Directions for this task:
Leave out the pictures and retype exactly the lines from the one with "#jeffersonnationalforest" through the end of the records.

Dataset records:
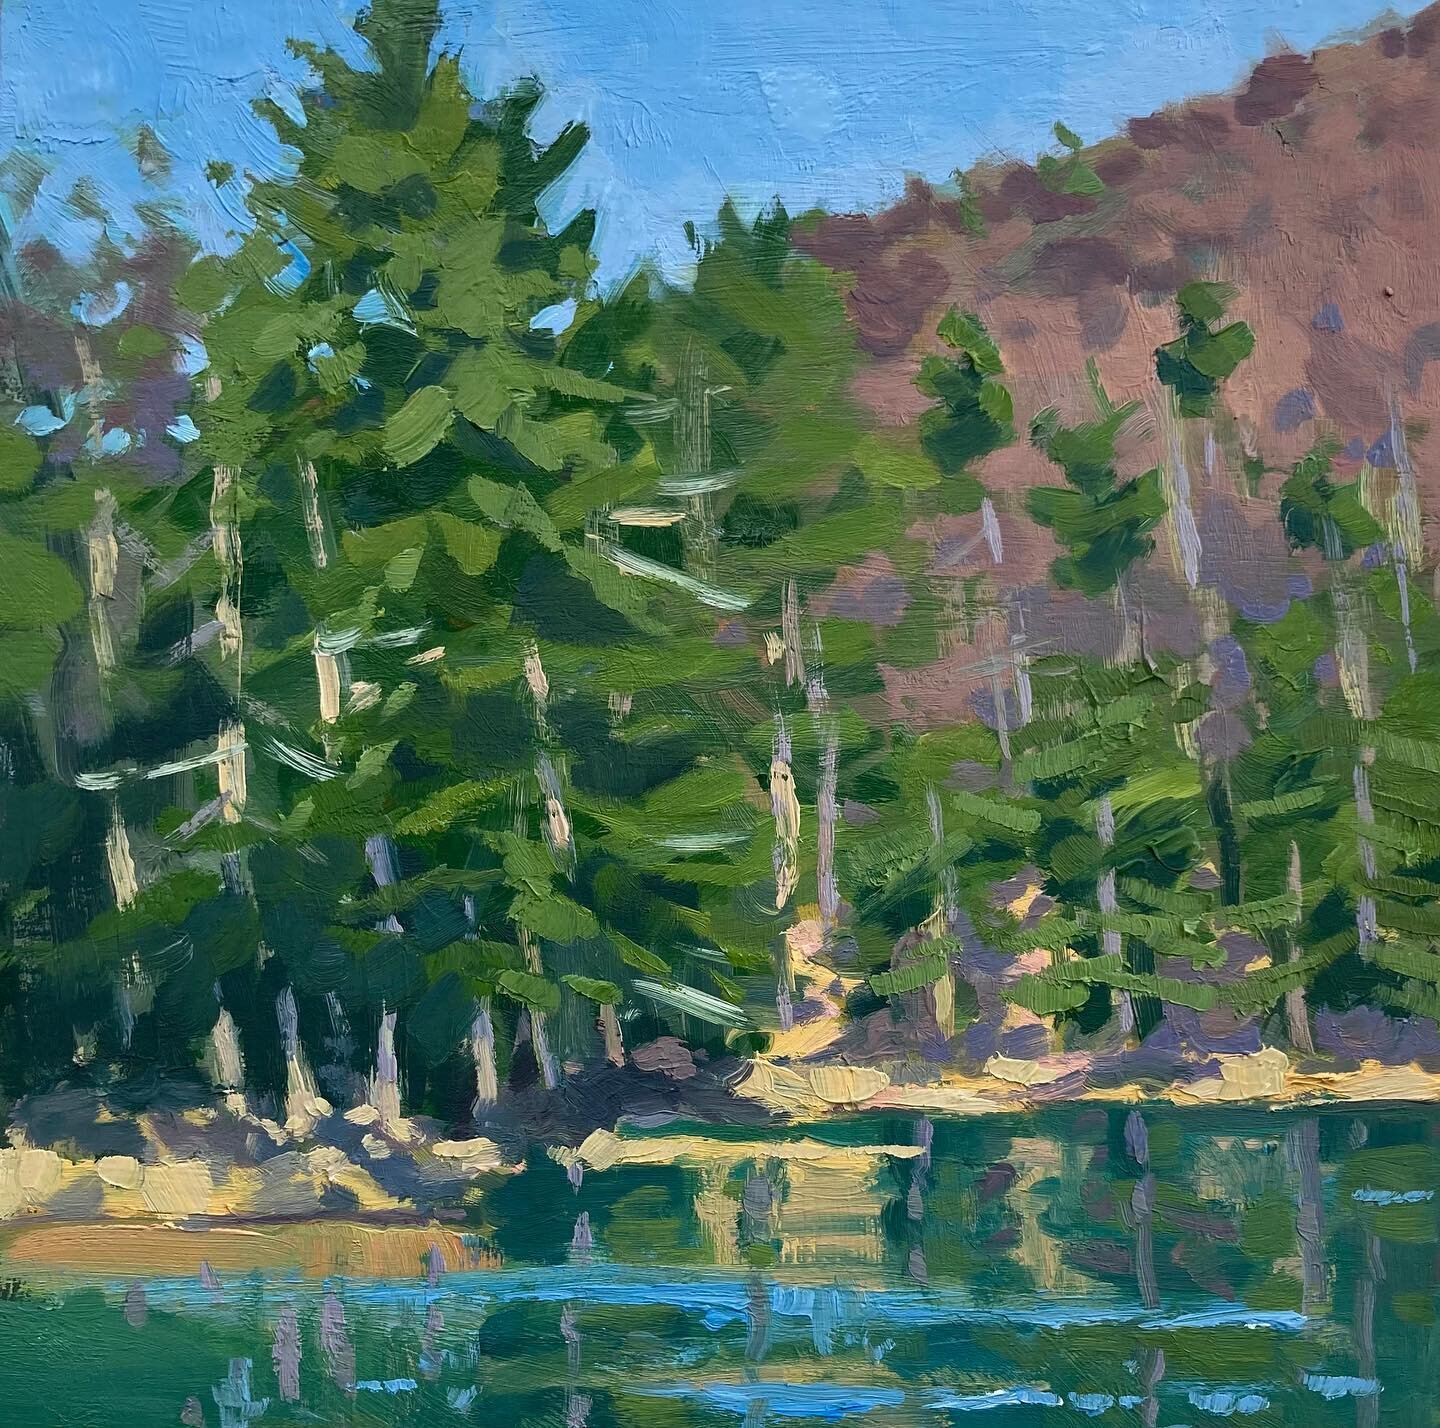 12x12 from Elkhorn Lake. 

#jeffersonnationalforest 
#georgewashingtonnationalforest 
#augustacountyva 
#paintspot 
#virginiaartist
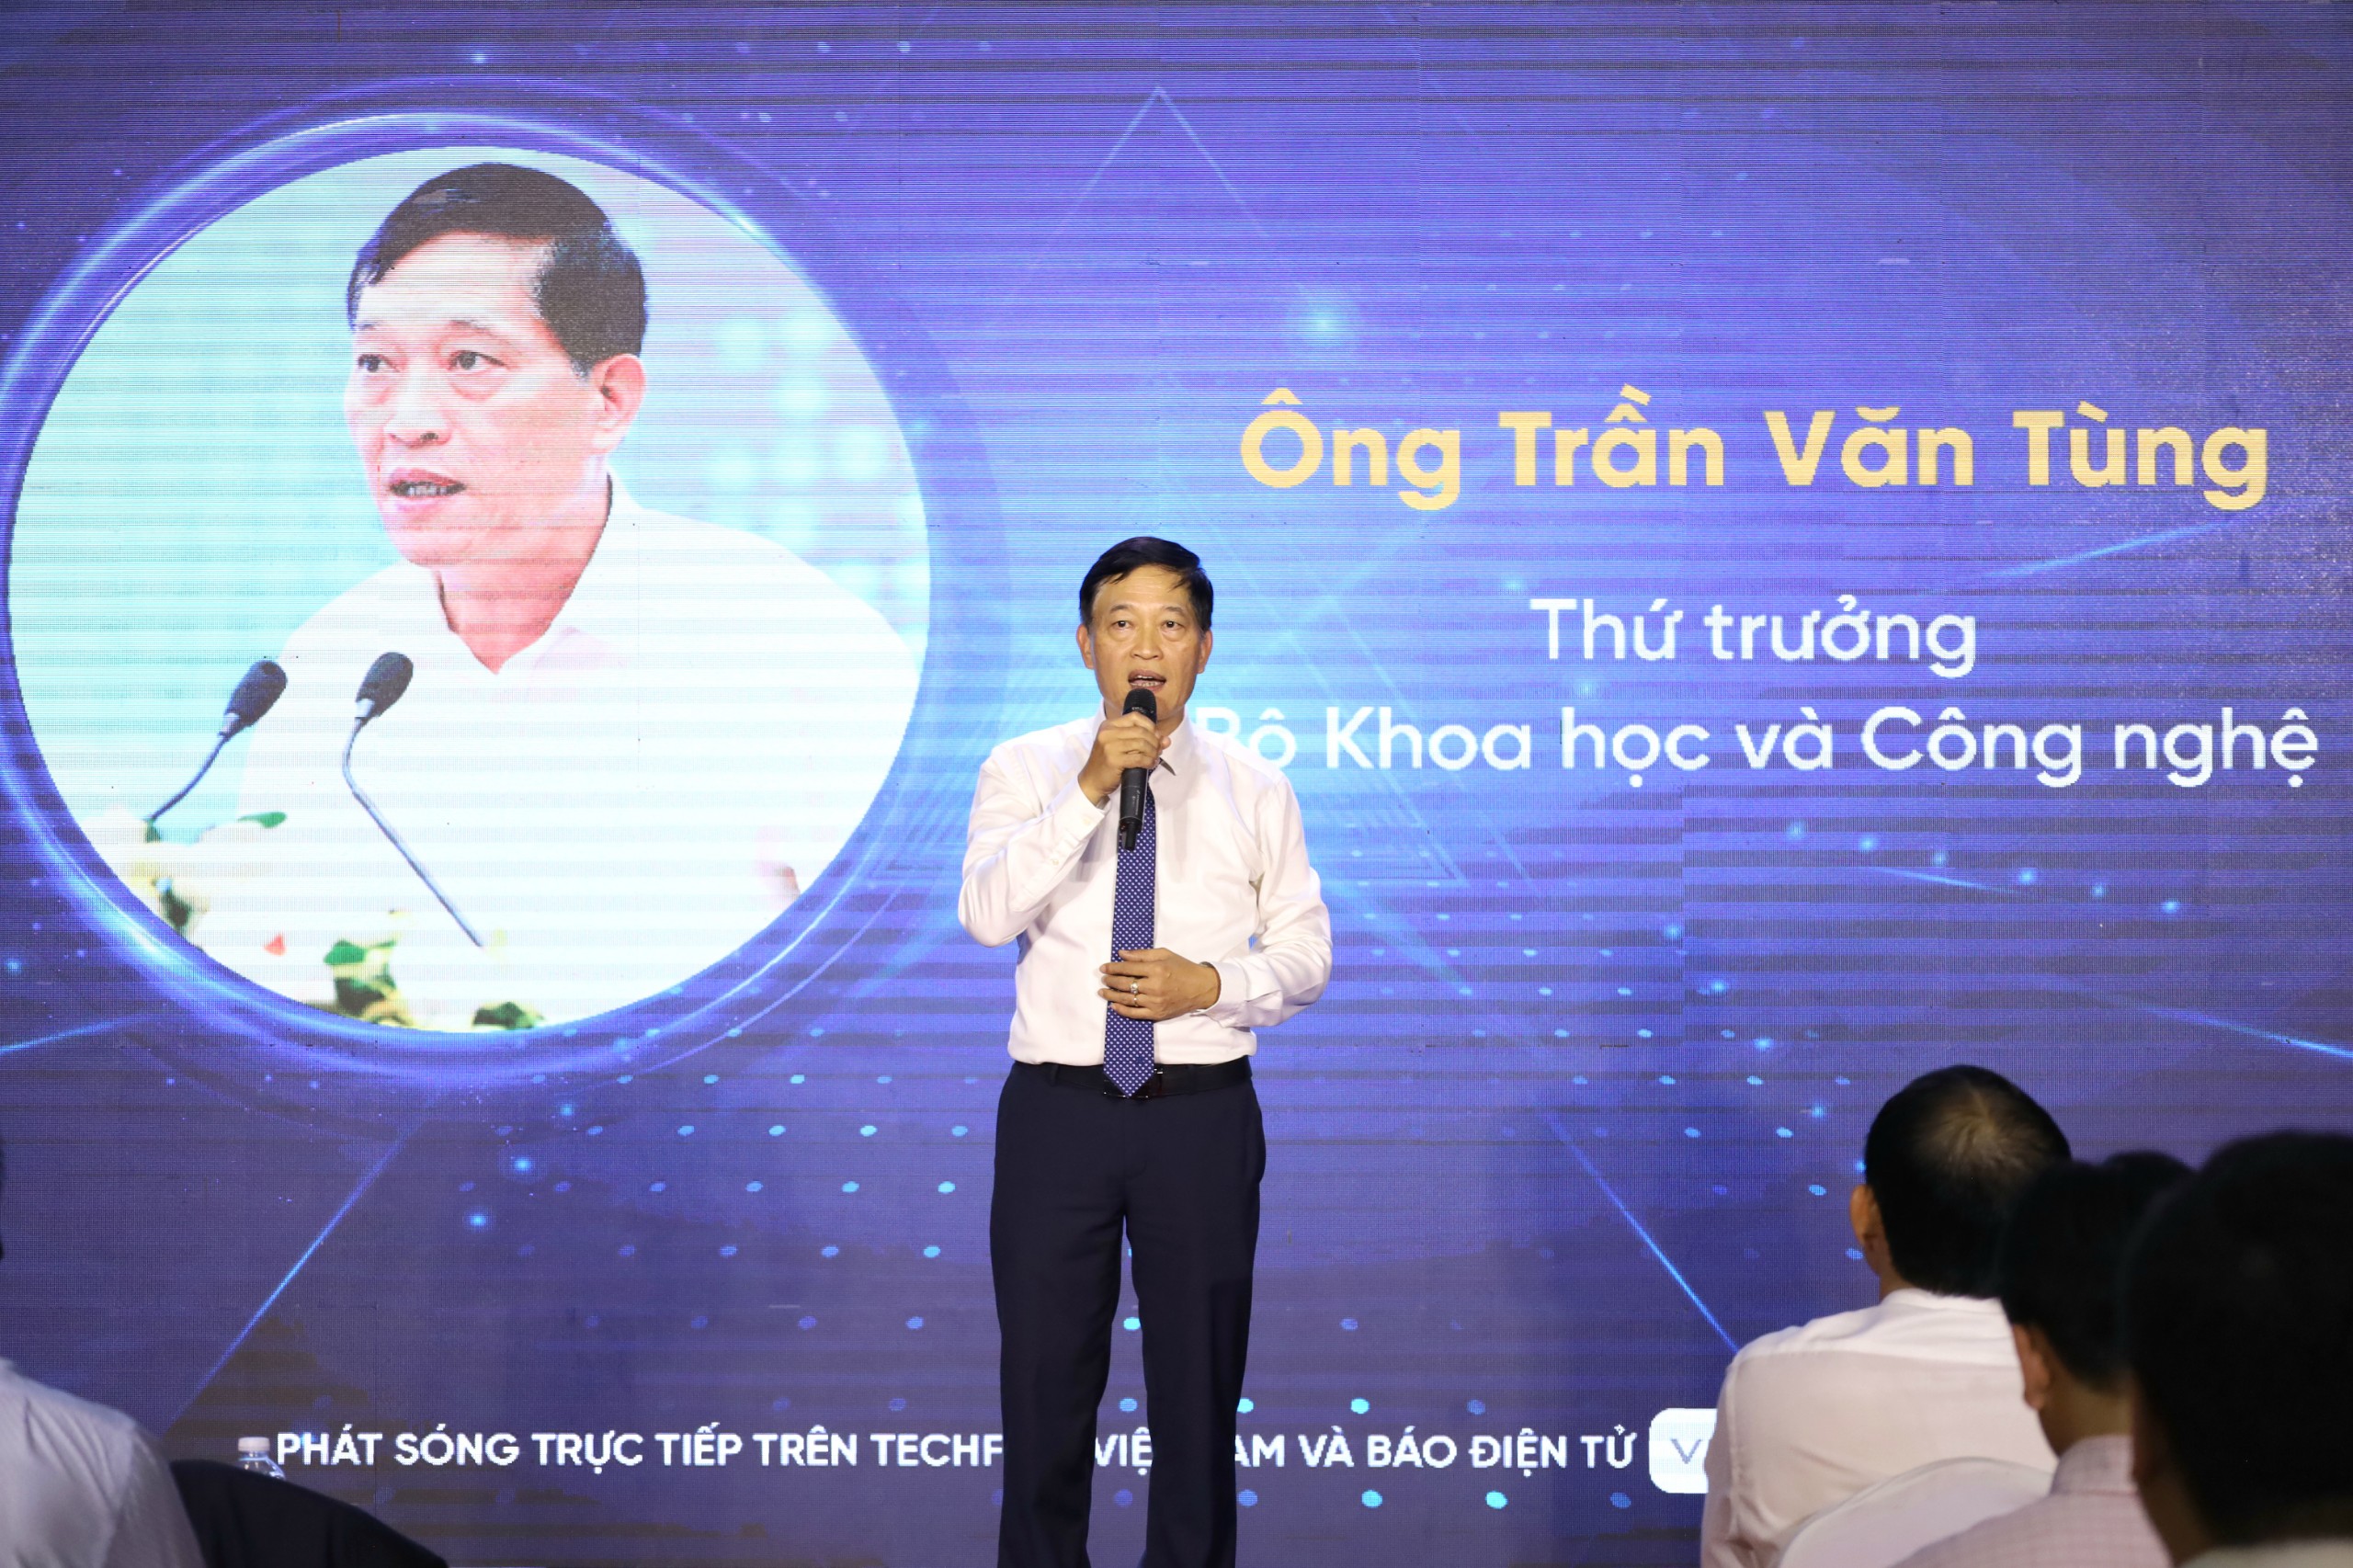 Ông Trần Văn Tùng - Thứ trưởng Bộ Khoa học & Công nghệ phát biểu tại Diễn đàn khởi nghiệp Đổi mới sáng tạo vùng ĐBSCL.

Answer box:
#jeffersonnationalforest 
#georgewashingtonnationalforest 
#augustacountyva 
#paintspot 
#virginiaartist
 Ông Trần Văn Tùng - Thứ trưởng Bộ Khoa học & Công nghệ phát biểu tại Diễn đàn khởi nghiệp Đổi mới sáng tạo vùng ĐBSCL.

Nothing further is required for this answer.